On a side note: What is this mythical crowd anyway? Is it made up of people living in some corner of cyber space with credit cards at the ready, waiting for someone to launch a project? As great as that sounds I doubt thats the case.

One way of figuring how many people make up the crowd is by looking at the average pledge amount on Kickstarter. According to Kickstarter the average pledge amount is $70. This means that a project with the goal of $10,000 should be funded by roughly 142 people. Right away this is interesting, because the number of backers is a lot lower than we might expect. Using the $70 average pledge as a benchmark we can estimate that 92% of all projects on Kickstarter are funded by less than 300 people. Not exactly a crowd…


The number of friends you have matters

I have a theory that the average Kickstarter project is primarily funded by a small number of 1st degree connections, not a large group of anonymous strangers. This is something I experienced in Identifying Nelson. Less than $1000 of our $15,000 came from 2nd degree connections. People who had never personally met John or or myself before.  My theory has to do with something called Dunbar’s number. You might be familiar with it but if your aren’t here is a refresher.

Robin Dunbar is a British anthropologist that suggested humans have a limit to the number of social relationships they can maintain. While there was no exact number that was proposed by Dunbar, it said to be between 100 and 230 people, with the most common number being 150 people. Does that number look familiar? It’s roughly the same amount of people that it takes fund a project of $10,000. If humans are limited to roughly 150 social connections, I’m willing to bet those connections are somewhat meaning.
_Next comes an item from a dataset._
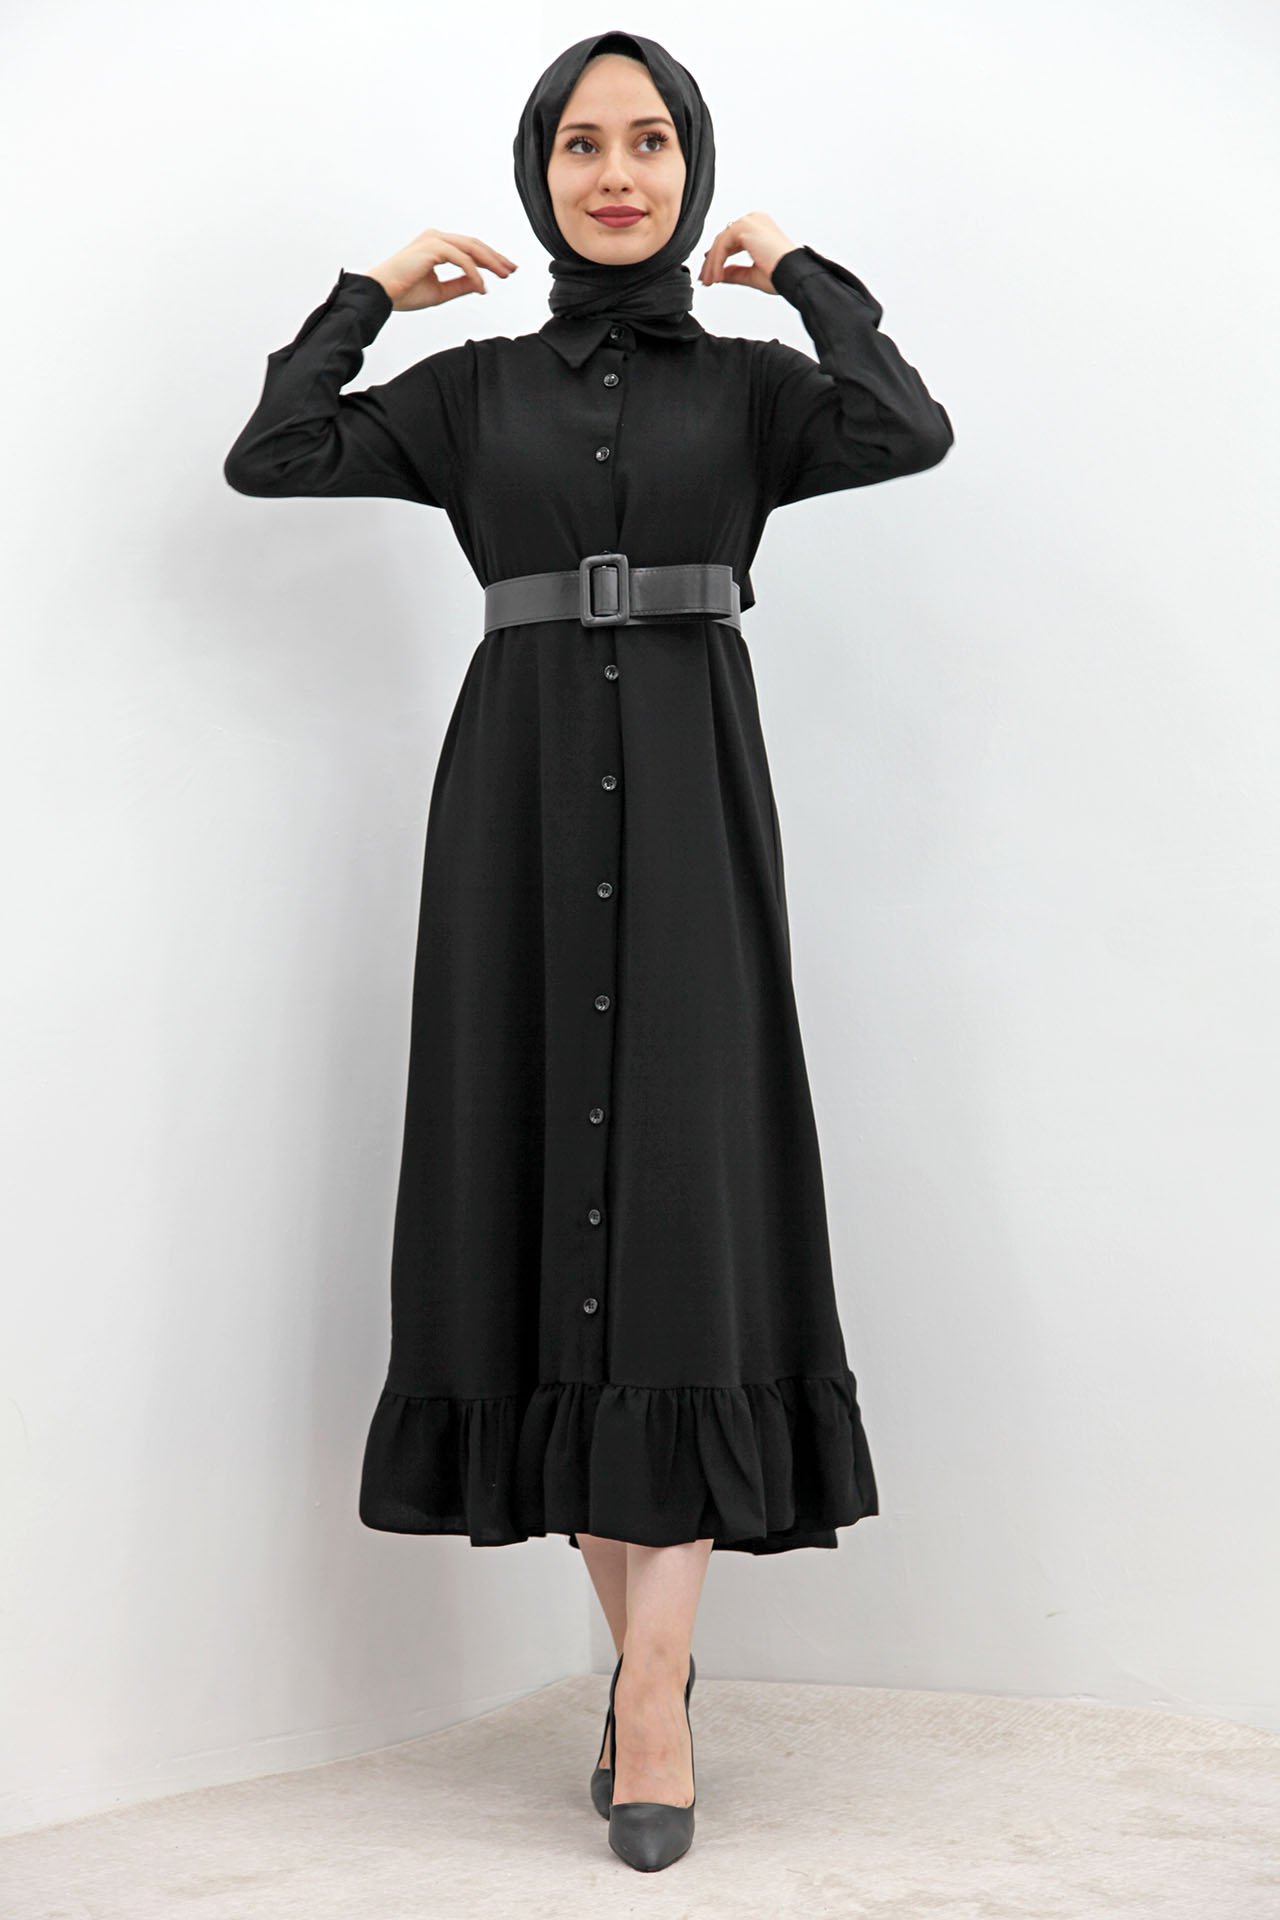 GİZAGİYİM - Altı Fırfırlı Düğmeli Tesettür Elbise Siyah

I’m also willing to bet that the people who make up those meaningful connections would be willing to pitch in $70 to help a friend. It happens all the time with charity walks and bake sales, why should Kickstarter be any different?

I recently came across an article entitled, The Untold Story Behind Kickstarter Stats, that seams to support my theory. In this post Jamie from appsblogger.com teamed up with Prof. Ethan Malik of The Wharton School of the University of Pennsylvania to dig deeper into Kickstarter statistics. Prof. Malik found that the number of Facebook friends you had mattered:

For that $10K project, holding everything else constant, if you had 10 Facebook friends, you would only have a 9% chance of succeeding. If you had 100 Facebook friends, your chance jumps to 20%. And if you have 1,000 Facebook friends? Your chance of succeeding is now 40%.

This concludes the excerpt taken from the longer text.